* **PROBLEM TO WORK ON**: From the records below, output exactly the lines running from the line containing "Roper Infant Girls'" through the line containing "Japan Okamoto 001", and no others.

* **DATA SECTION**:

****

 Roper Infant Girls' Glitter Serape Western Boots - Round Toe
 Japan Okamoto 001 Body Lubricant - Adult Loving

****

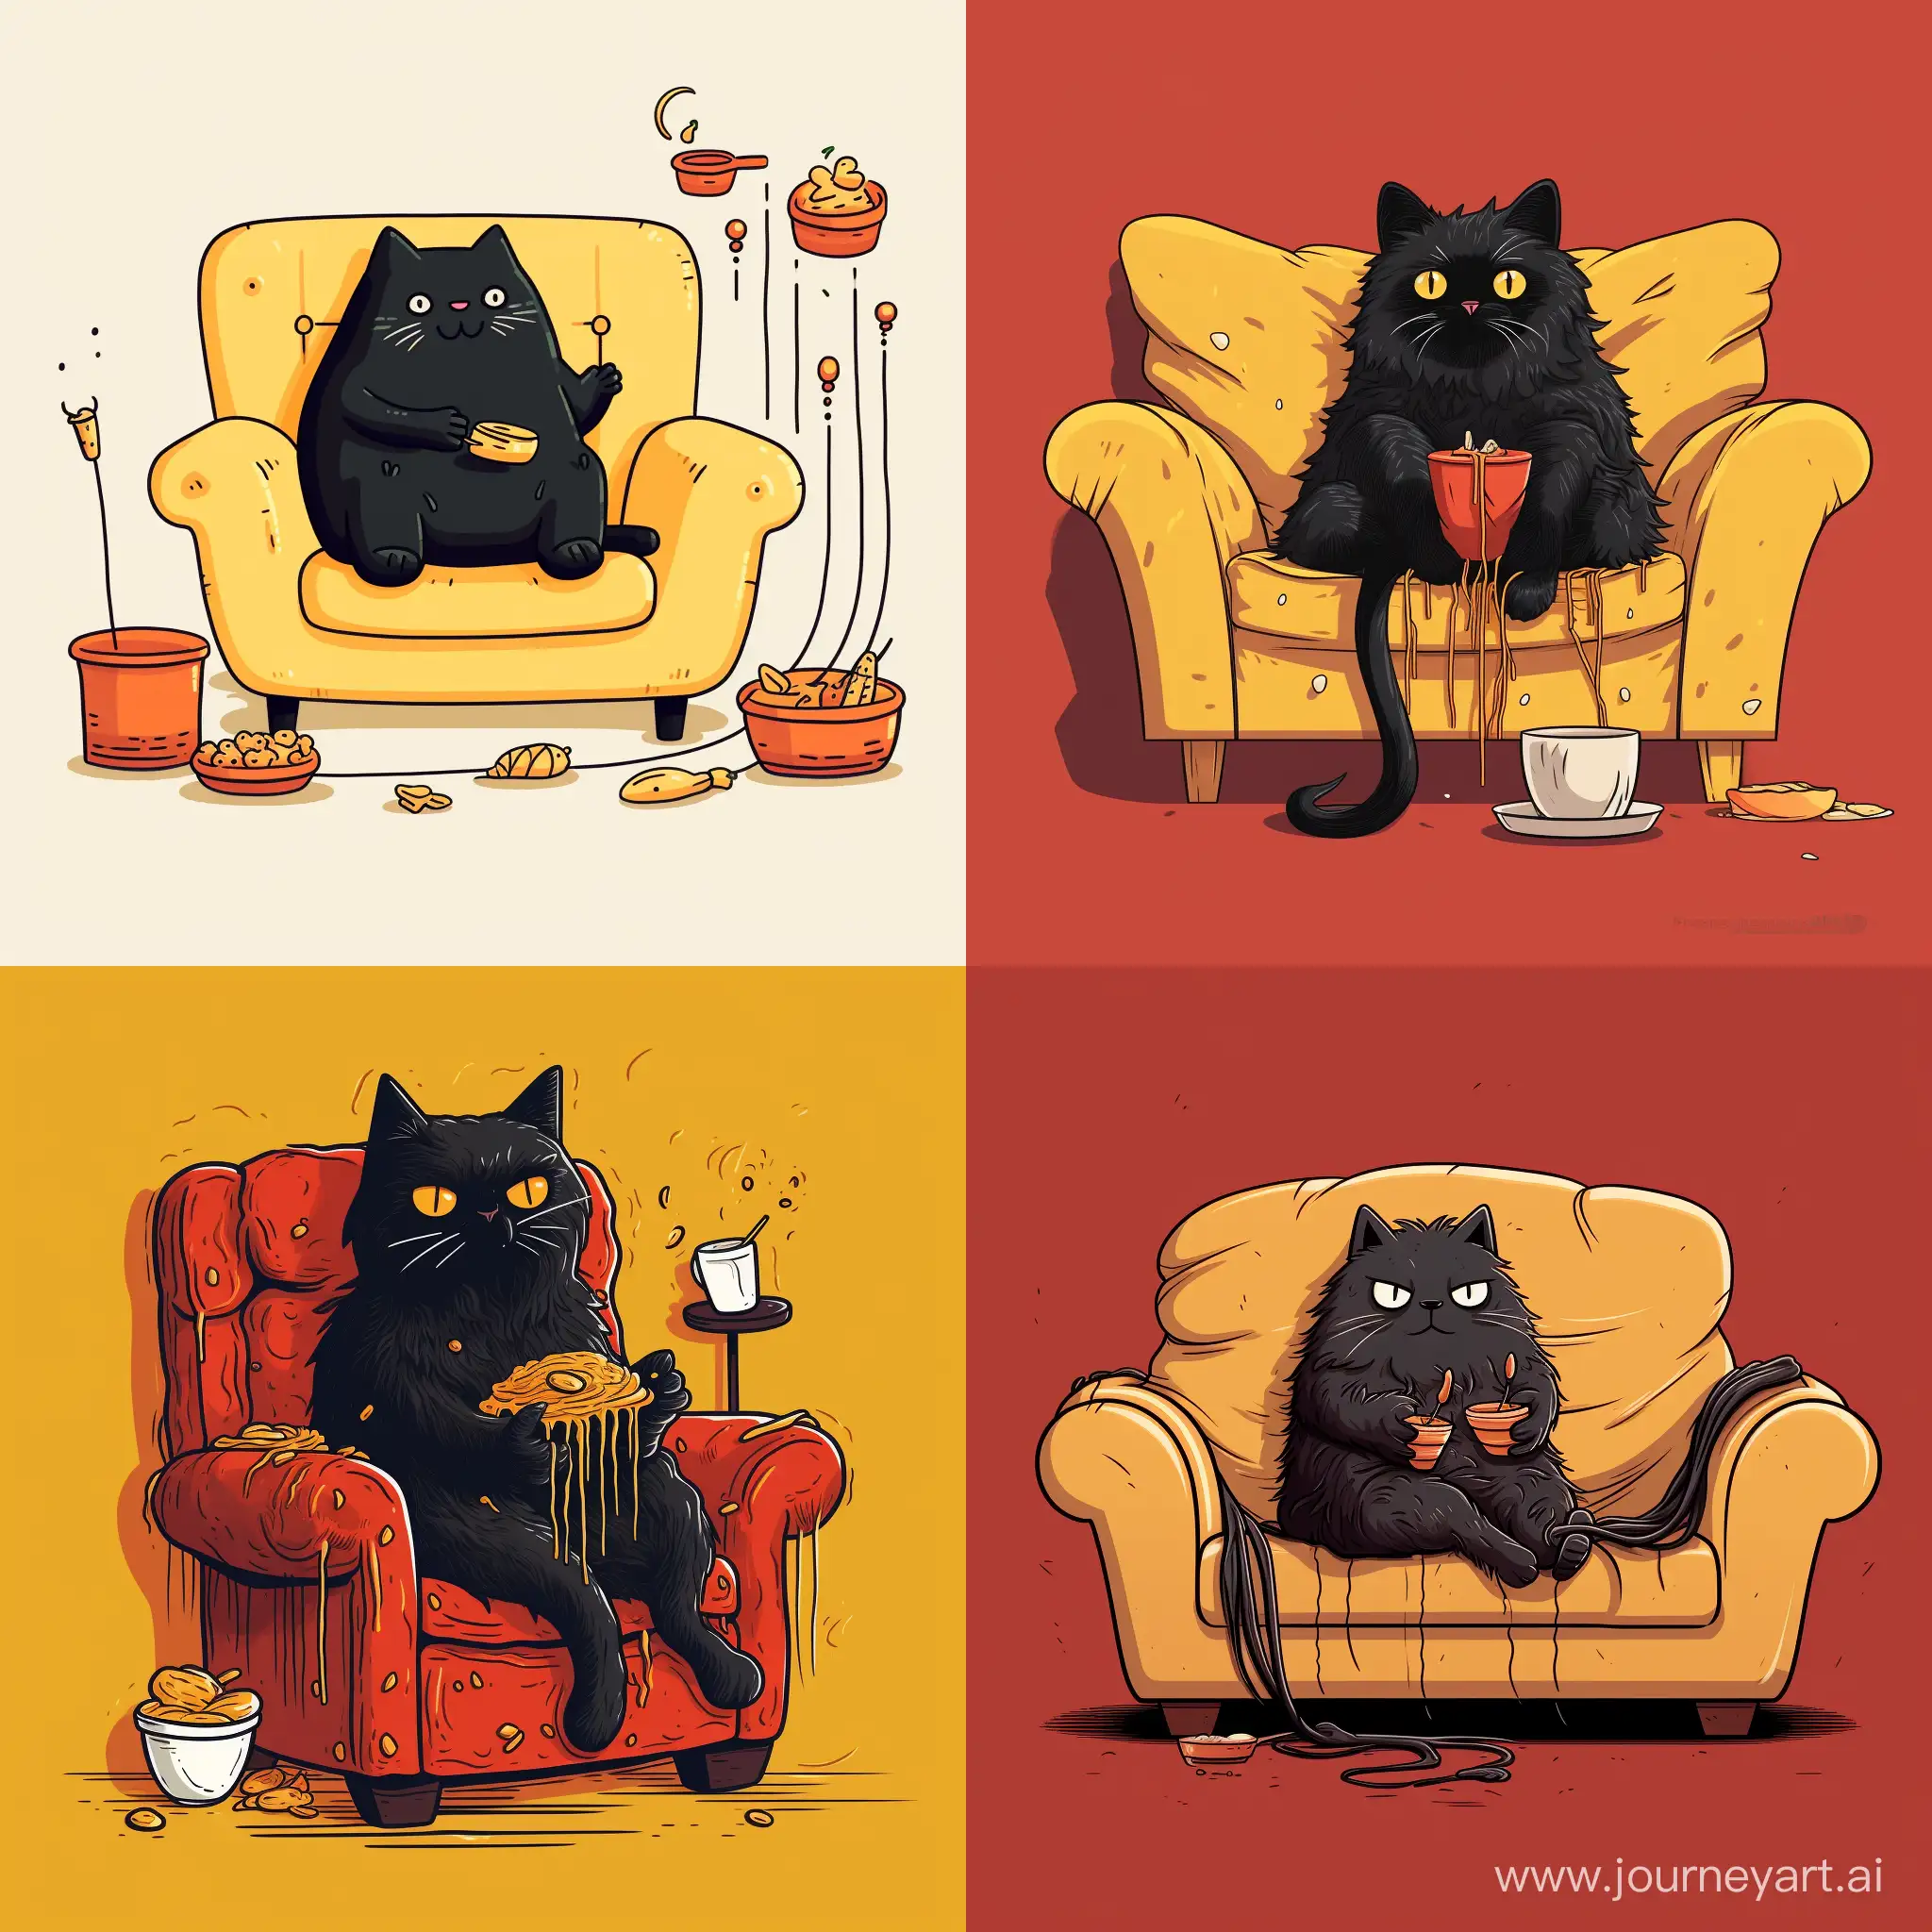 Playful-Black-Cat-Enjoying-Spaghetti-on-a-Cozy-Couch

****

* **RESULT OF THIS EXERCISE**:
 Roper Infant Girls' Glitter Serape Western Boots - Round Toe
 Japan Okamoto 001 Body Lubricant - Adult Loving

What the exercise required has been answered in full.